-- TASK OBJECTIVE --
All pictures are to be dropped, and the remaining data set down exactly.

-- DATASET EXTRACT --
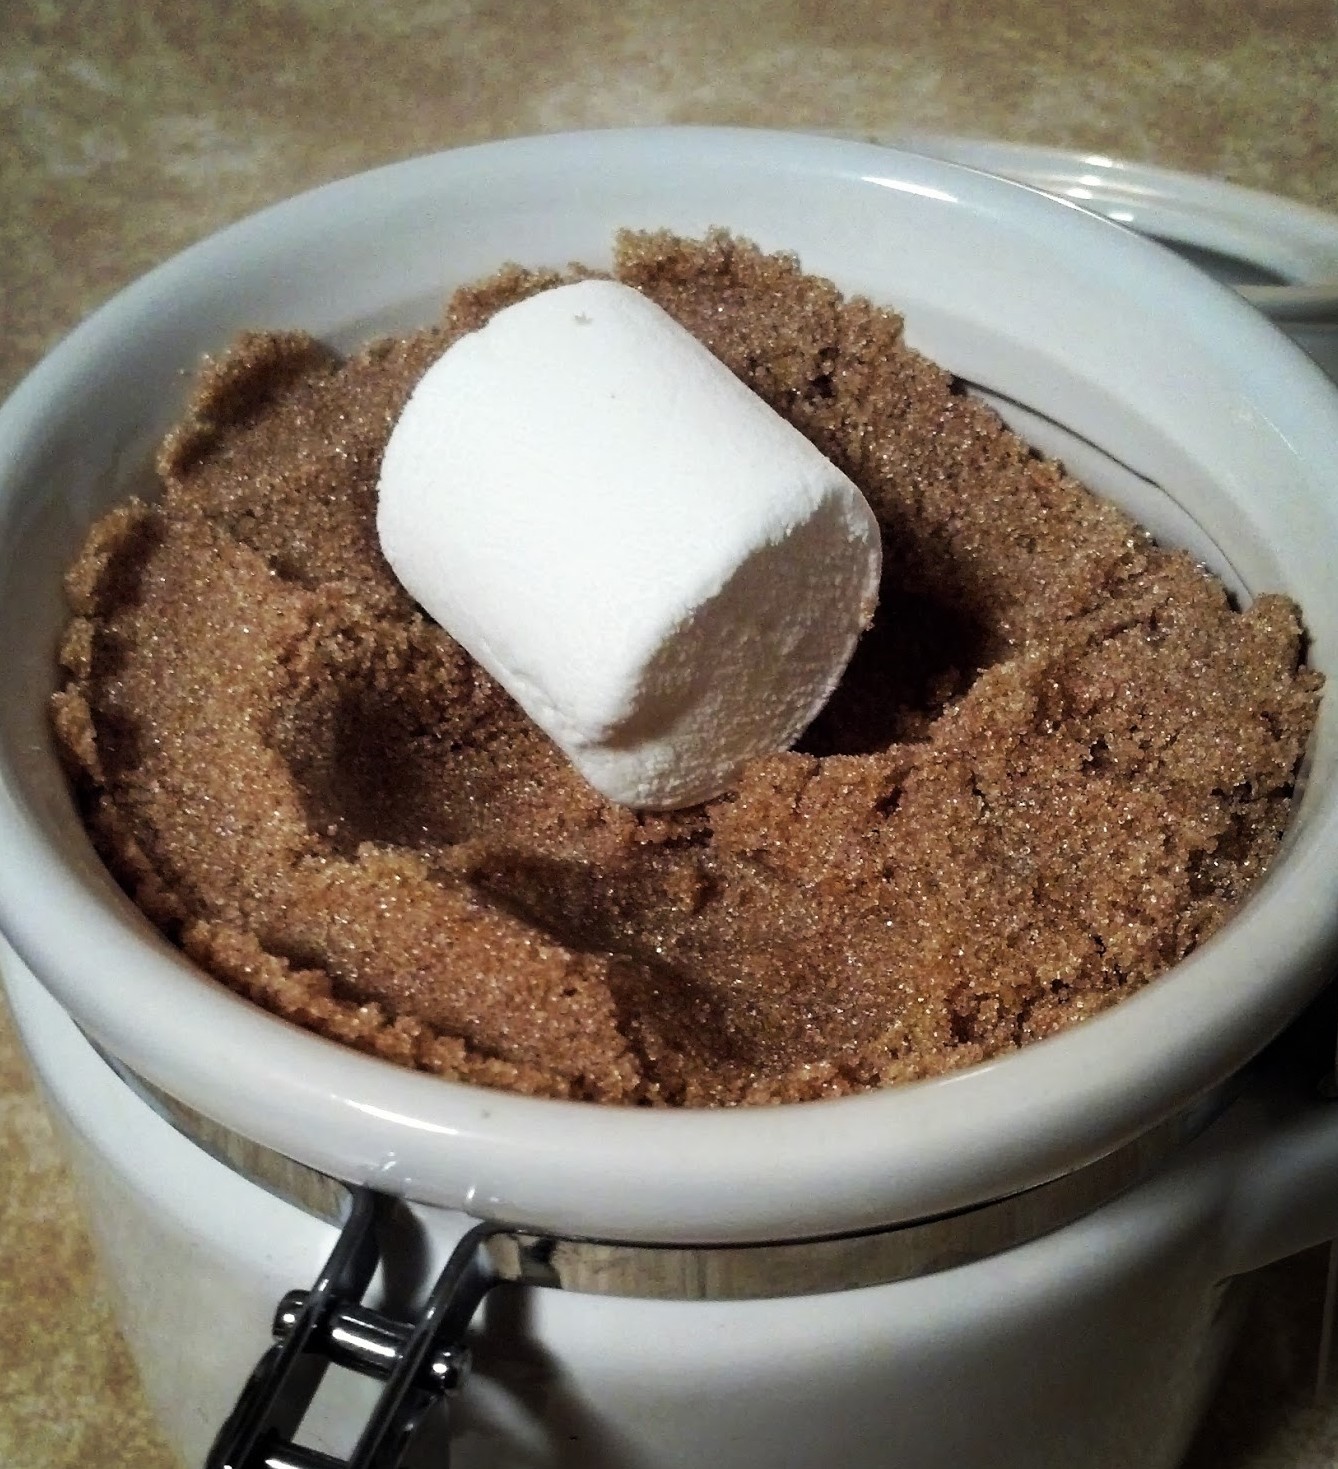 brown sugar - Ten Clever Kitchen Solutions
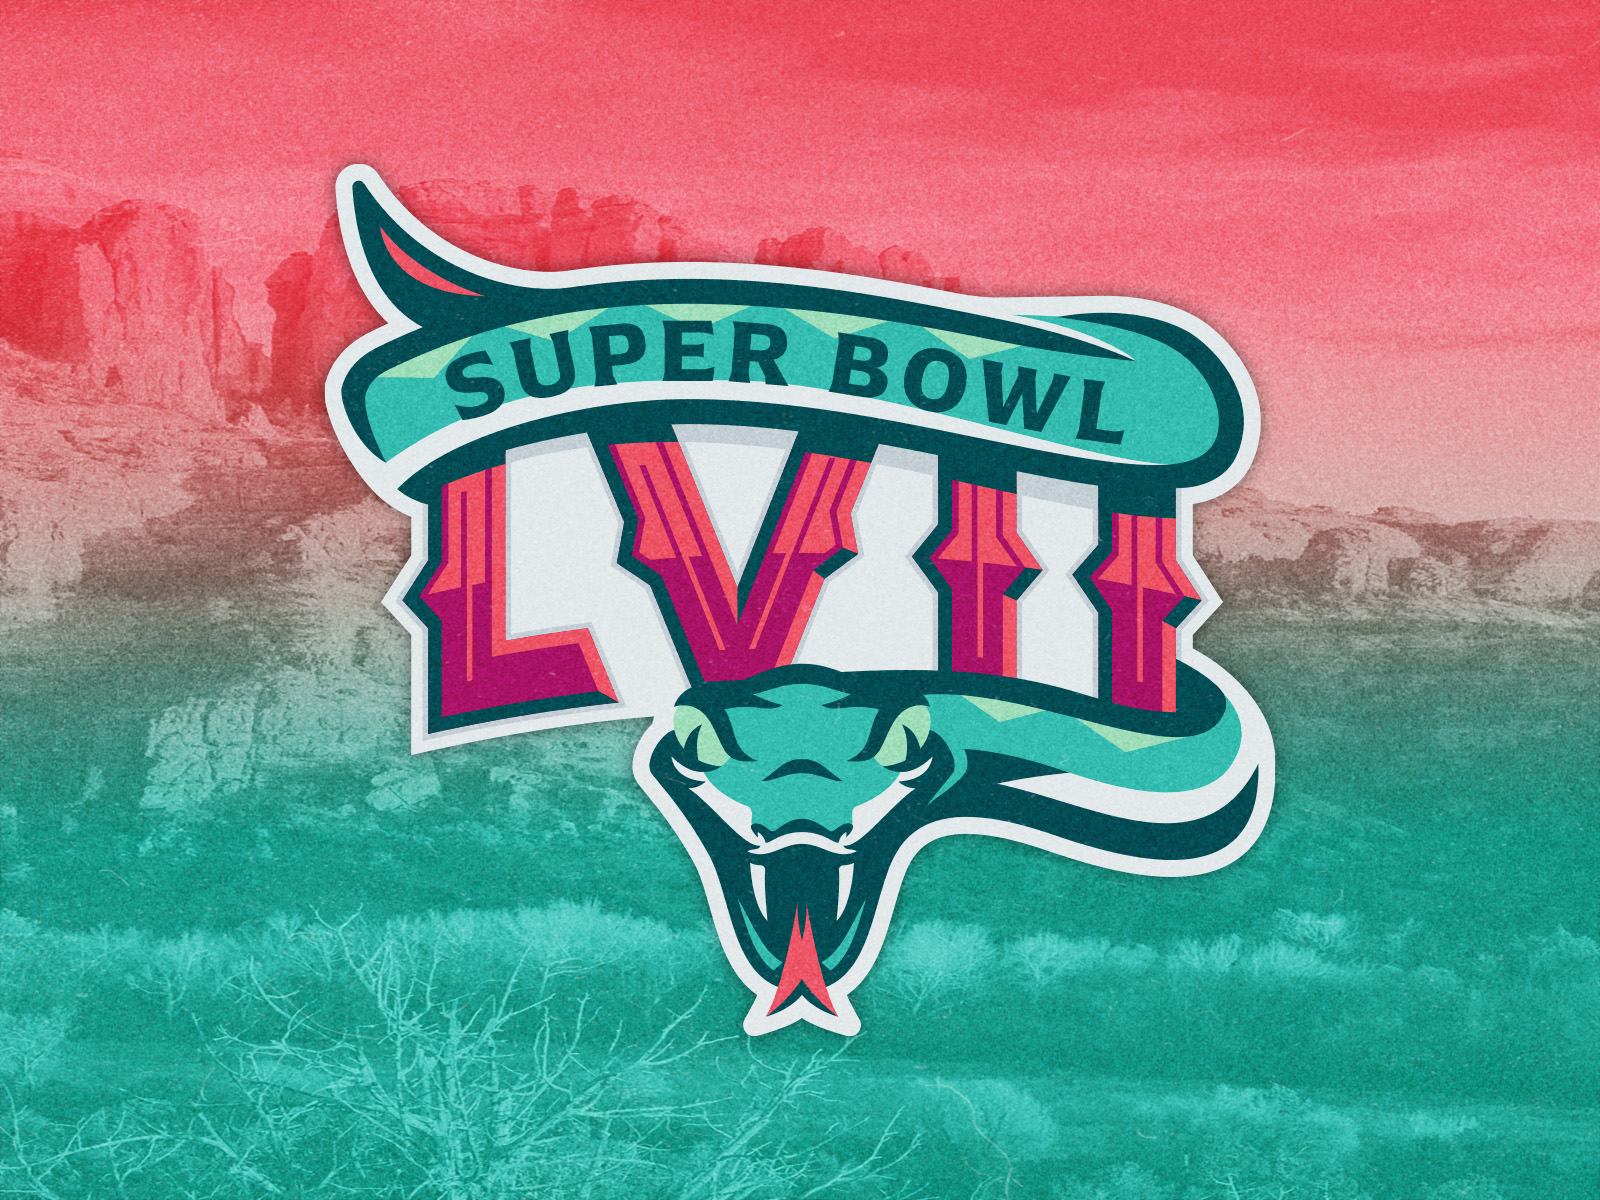 Super Bowl LIV Concept by Dan Blessing
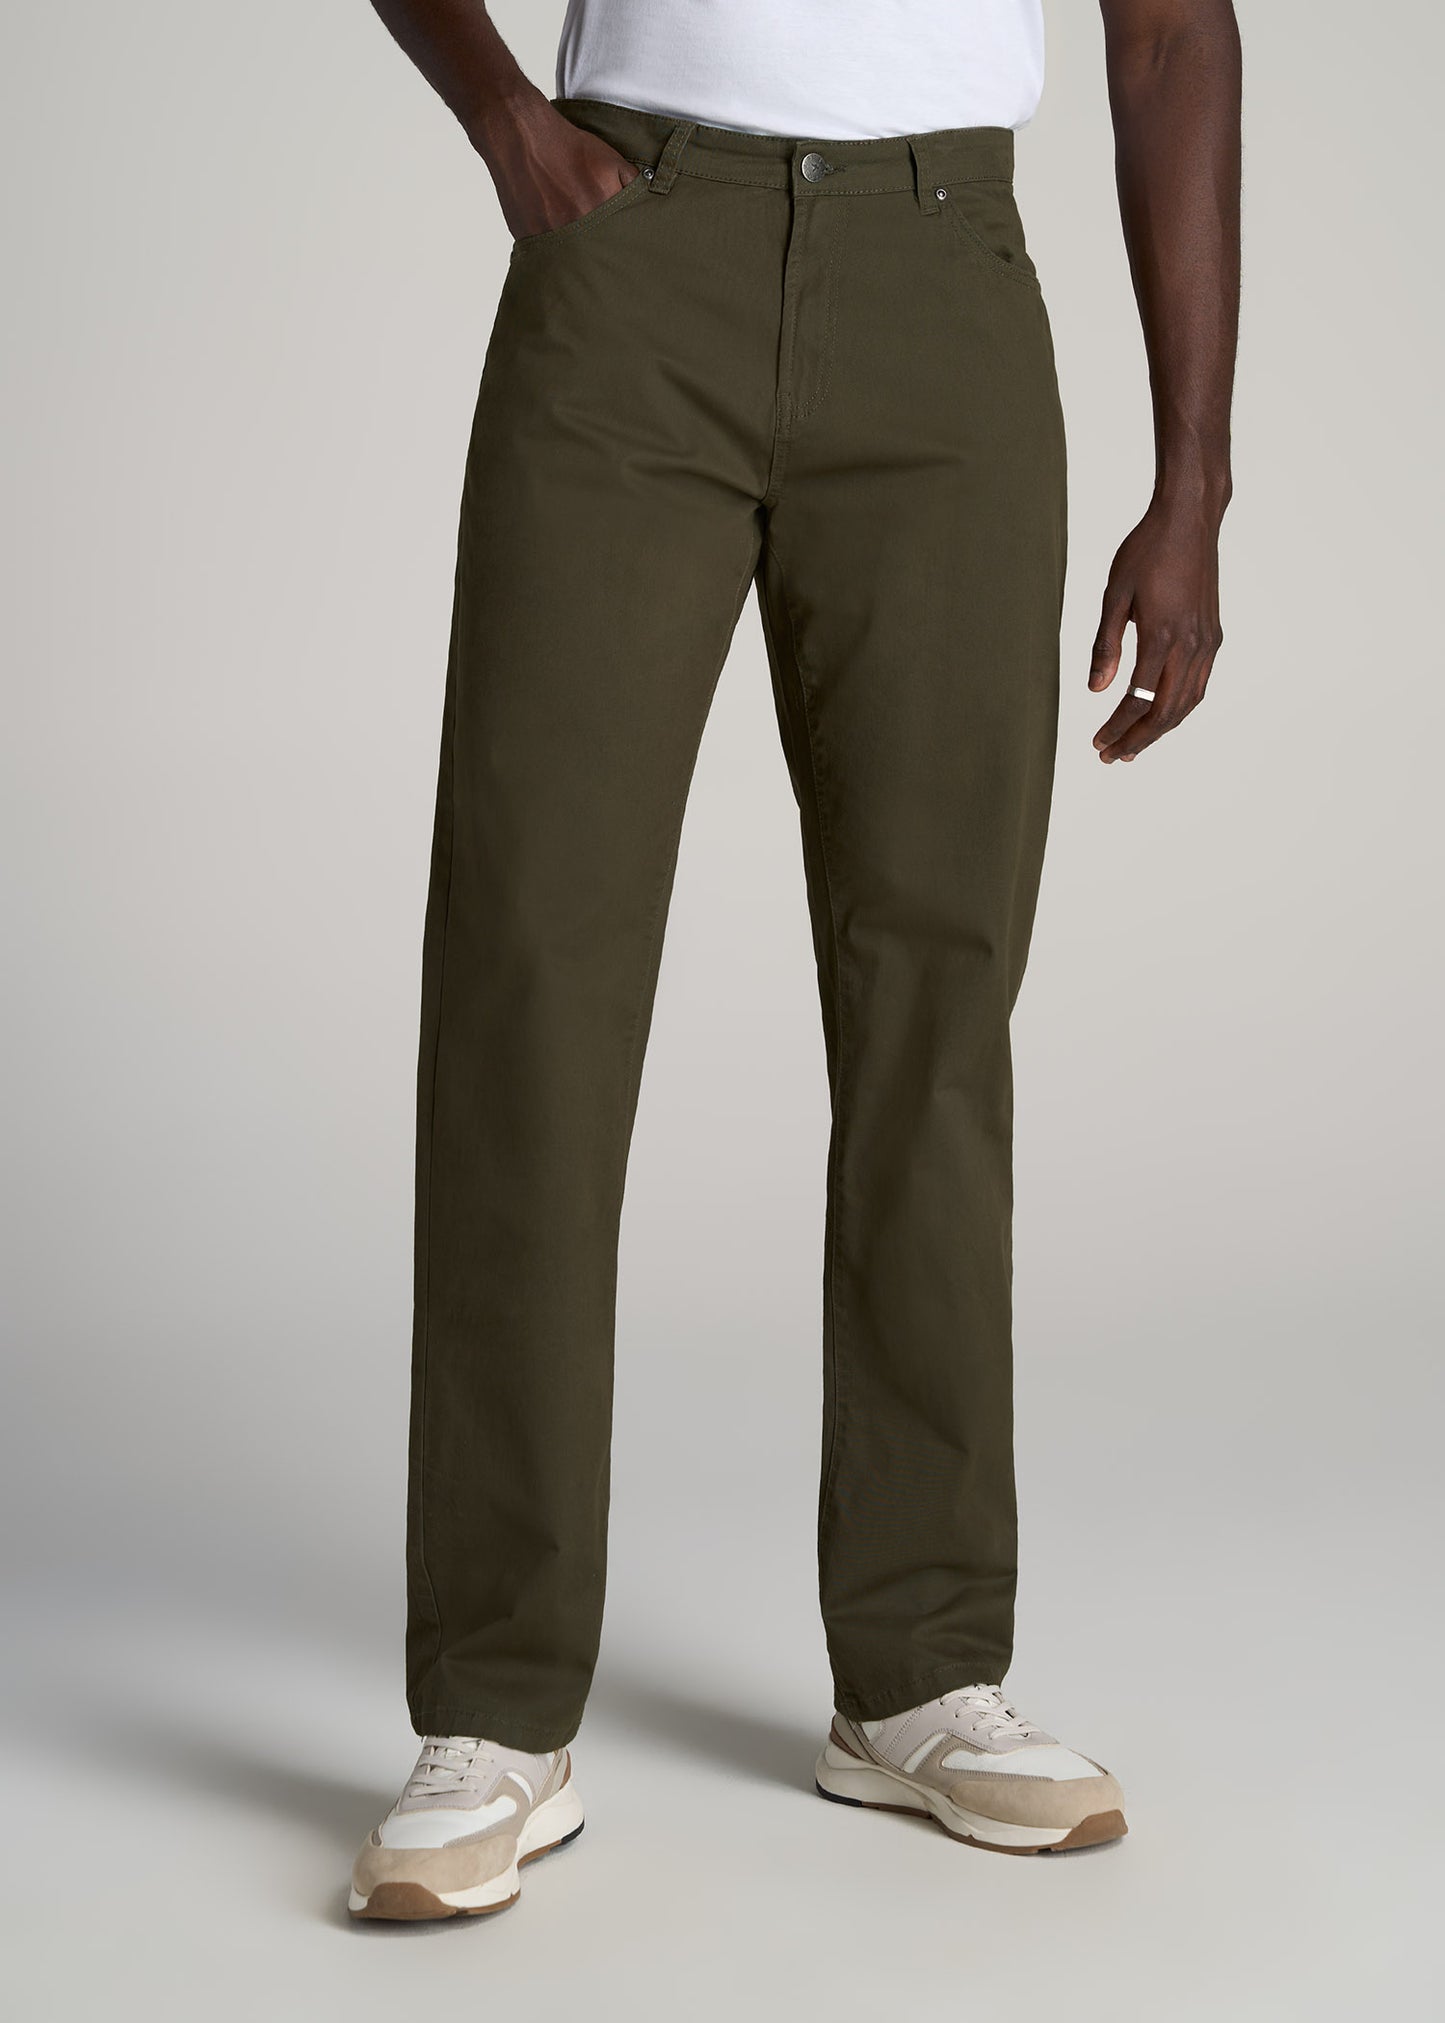       American-Tall-Men-J1-Five-Pocket-Camo-Green-front
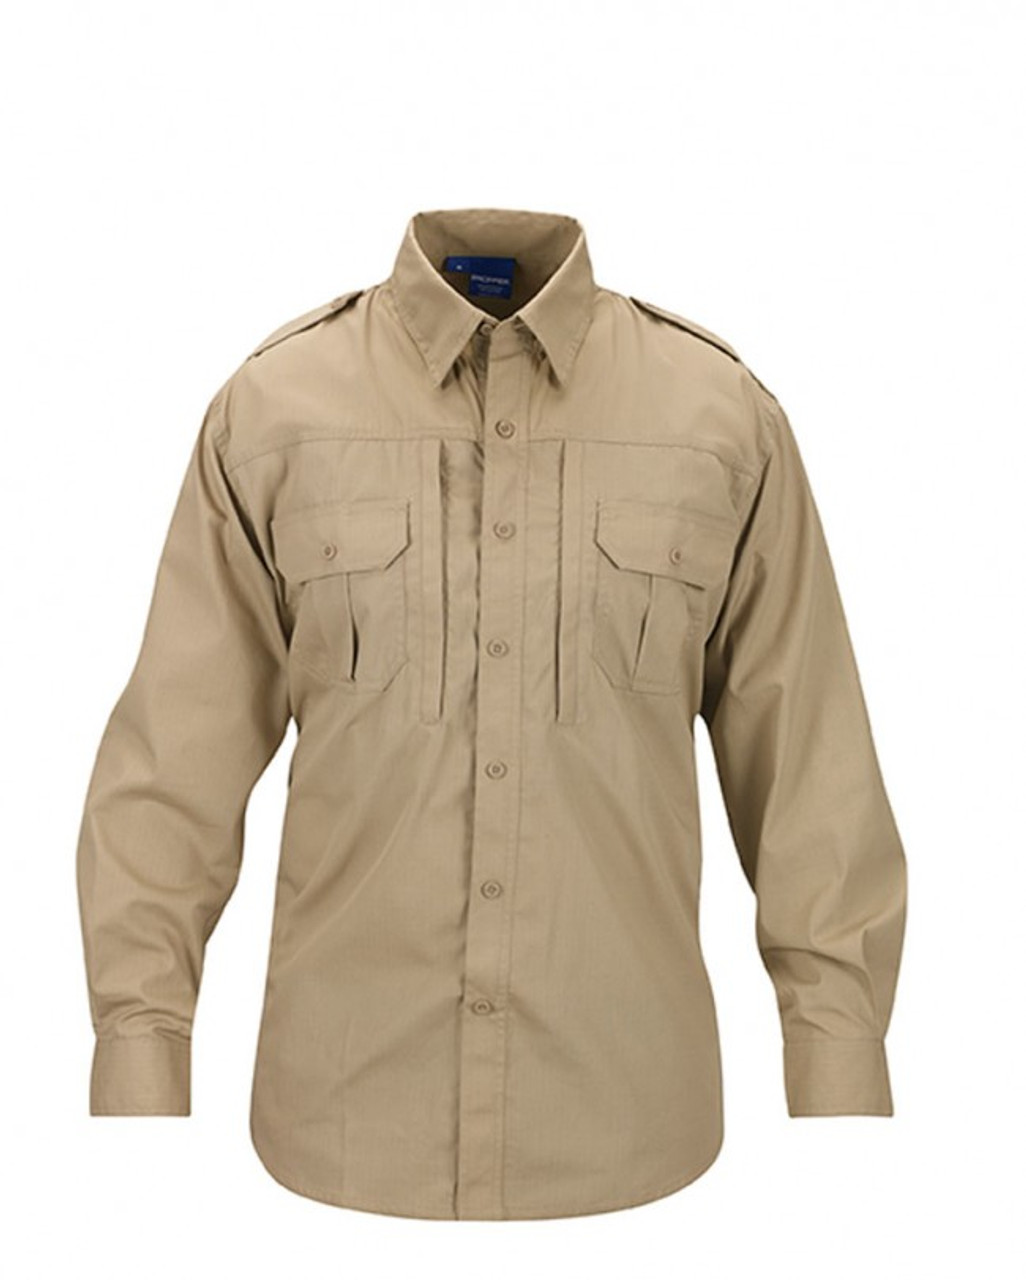 Propper 1/4 Zip Job Shirt, LAPD Navy

-- ANSWER SPACE --
 brown sugar - Ten Clever Kitchen Solutions
 Super Bowl LIV Concept by Dan Blessing
       American-Tall-Men-J1-Five-Pocket-Camo-Green-front
 Propper 1/4 Zip Job Shirt, LAPD Navy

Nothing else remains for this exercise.